Janey Suggests Exploring Ferry Service to Long Island as Task Force Unravels

Acting Mayor Kim Janey has reportedly asked her administration to explore the idea of using ferry service to get patients to the Long Island Recovery Campus – a move that has been rejected in the past by many stakeholders – just as the key membership of the Mass/Cass 2.0 Task Force has unraveled and is going back to the South End Forum Working Group format.

A spokesman for Janey said on Wednesday she has asked her team to explore the idea of ferry service, and stressed that Janey doesn’t see such a service as a replacement for the Long Island Bridge. The comments from Janey were characterized by her team as less a reversal in approach and more of an evolution in approach.

“Rebuilding the bridge to Long Island is an essential piece to reopening a regional recovery campus there,” said Spokesman Nick Martin. “We expect to go out to bid on the bridge this fall and start construction next year. In the interest of exploring ways to accelerate the reopening of vital regional recovery services on Long Island, Mayor Janey has also asked her team to take another look at hospital and public safety infrastructure that could be added to the island as well as how ferries might complement the guaranteed, all-weather access that a bridge provides.”

The use of ferry service has been suggested before, at one time by Councilor Ed Flynn and most recently as part of the Mass/Cass Plan presented by Councilor and Mayoral Candidate Andrea Campbell. In the recent past, however, the idea of ferry service has been wholly rejected by members of the South End community and the 2.0 Task Force – as well as by the Boston Fire Department and Boston Emergency Medical Services (EMS). That said, it’s something that does continue to come up.

In the neighborhood though, it was just another piece of news on top of more frustrating news delivered to the Task Force recently. Last week, Task Force member Mike Nelson, of Worcester Square, said the meetings of the Task Force were no longer productive, and indicated if something didn’t change they wouldn’t really be worth his time any longer.

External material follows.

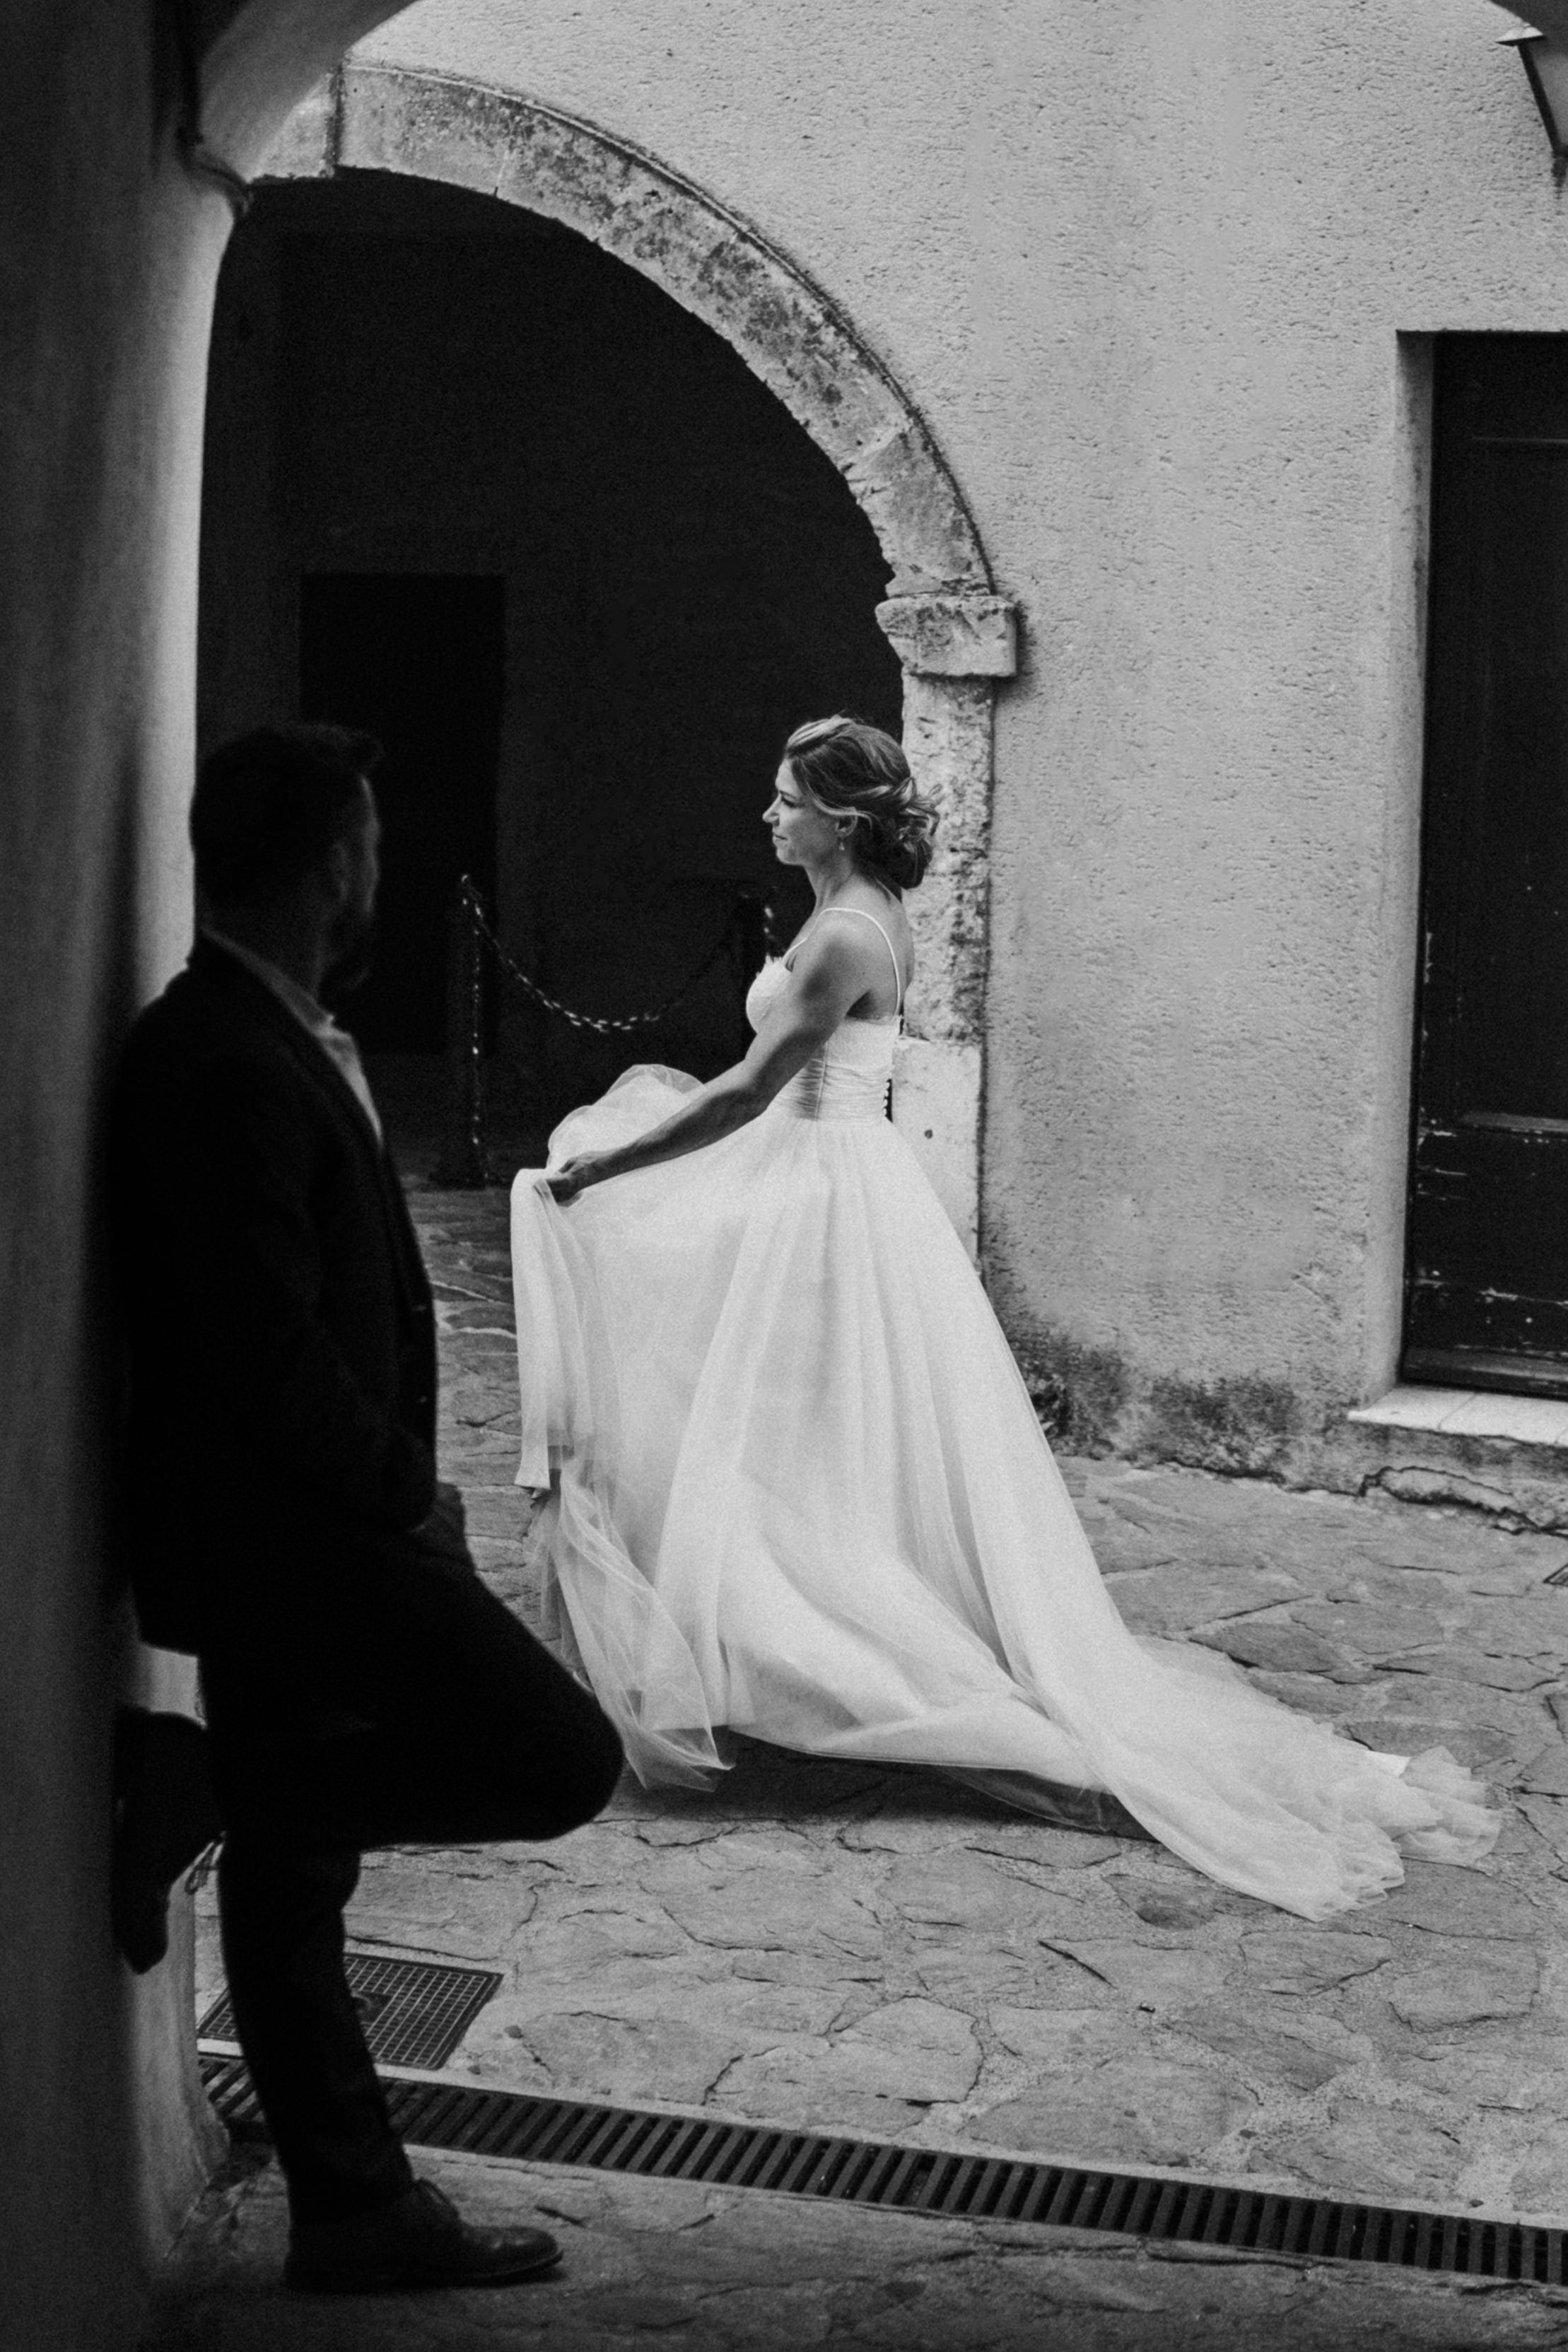 english photographer in france, wedding photographer saint tropez, romantic wedding photography france, chateau wedding france, cote d'azur wedding photographer, ramatuelle wedding (21).jpg

This week, that has been followed up by key South End member Steve Fox announcing that he will revive the South End Forum’s Working Group on Mass/Cass – a long-time public meeting of the community, the City and providers that gave birth to ideas such as the Long Island Recovery Campus. The Working Group had been disbanded almost two years ago when Mass/Cass 2.0 came in and the Task Force seemed to replace that forum – though the Task Force meetings were not open to the public and were not as transparent.

Fox said the issue of ferry service was one reason, but another was the fact that the Task Force was told this week that the mobile bathroom venture – which has been discussed for almost a year – was being put on hold.

“We’re bringing back the Working Group,” he said. “We’re asking all the old members of the Working Group to come back and all the current Mass/Cass Task Force members to join us and we’ll invite the public and the press and have a rigorous discussion on pros and cons of all these issues…We were discouraged that after six months of work in the Task Force on the mobile bathroom issue, that we’re being told now that the idea is being shelved for 90 days as the City examines its own departmental capacity and whether this is a good idea. We all wish that could have happened six months ago.”

Fox said that Sue Sullivan of the Newmarket Business Association, another key Task Force member, has told him she would also agree to transition to the Working Group again. Many on the Task Force, including Nelson, have said that Fox and Sullivan have become the drivers of the Task Force, and little would get done without them steering the ship.

Last week Nelson, and this week Fox, said they are very worried that the summer is going to bring a barrage of quality of life issues to the South End if there isn’t a winning strategy implemented as soon as possible.

Fox said they need to return to a community-driven process for that strategy.

“We need a community-driven process because summer is upon us,” he said. “We understand the challenges of Mass/Cass and we need a better balance of mental health and social workers…We need to triple or quadruple the BEST team. We also need concentrated enforcement on the dealers who are omnipresent on Atkinson Street…That’s why we’ve decided to reconstitute the Working Group to bring people together and have an open and public discourse. The Long Island Recovery Campus was born in the Working Group and was endorsed by former Mayor Walsh and made a big part of his second term inaugural. That is the kind of work that needs to be done and is inclusive and transparent.”

The Working Group was formed as a subcommittee of the long-time South End Forum in 2016 as a way to focus the energies of the community, the City and stakeholders at a time when the opioid epidemic was first surging. It met monthly in the Crossroads Hampton Inn on Mass/Cass.